* _Work instructions_
Quote the lines from the line holding "値レイと闘う歯をホワイトニン" to the very end of the listing, exactly, and no others.

>>>>

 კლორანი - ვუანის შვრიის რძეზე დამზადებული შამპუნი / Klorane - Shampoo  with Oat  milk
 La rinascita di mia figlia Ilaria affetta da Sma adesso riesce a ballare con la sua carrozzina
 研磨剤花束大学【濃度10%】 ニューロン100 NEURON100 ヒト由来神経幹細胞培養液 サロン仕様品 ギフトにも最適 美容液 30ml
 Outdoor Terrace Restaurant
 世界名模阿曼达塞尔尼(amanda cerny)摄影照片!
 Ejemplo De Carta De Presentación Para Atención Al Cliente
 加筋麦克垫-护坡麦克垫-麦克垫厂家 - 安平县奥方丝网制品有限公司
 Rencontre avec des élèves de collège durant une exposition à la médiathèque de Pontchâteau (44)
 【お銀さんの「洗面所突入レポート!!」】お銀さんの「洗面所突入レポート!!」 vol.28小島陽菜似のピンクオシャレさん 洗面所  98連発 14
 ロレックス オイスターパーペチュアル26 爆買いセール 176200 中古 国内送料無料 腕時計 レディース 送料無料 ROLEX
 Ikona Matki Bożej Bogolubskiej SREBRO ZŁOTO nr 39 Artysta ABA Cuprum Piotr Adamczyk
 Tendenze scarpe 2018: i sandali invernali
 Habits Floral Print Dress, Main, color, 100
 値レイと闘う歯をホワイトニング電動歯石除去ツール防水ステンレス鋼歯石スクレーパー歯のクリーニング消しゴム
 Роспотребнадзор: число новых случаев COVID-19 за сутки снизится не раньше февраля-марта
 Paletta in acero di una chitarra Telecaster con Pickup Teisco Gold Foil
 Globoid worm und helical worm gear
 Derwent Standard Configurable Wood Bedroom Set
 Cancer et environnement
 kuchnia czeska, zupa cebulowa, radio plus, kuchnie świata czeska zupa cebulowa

<<<<

* _Result_
 値レイと闘う歯をホワイトニング電動歯石除去ツール防水ステンレス鋼歯石スクレーパー歯のクリーニング消しゴム
 Роспотребнадзор: число новых случаев COVID-19 за сутки снизится не раньше февраля-марта
 Paletta in acero di una chitarra Telecaster con Pickup Teisco Gold Foil
 Globoid worm und helical worm gear
 Derwent Standard Configurable Wood Bedroom Set
 Cancer et environnement
 kuchnia czeska, zupa cebulowa, radio plus, kuchnie świata czeska zupa cebulowa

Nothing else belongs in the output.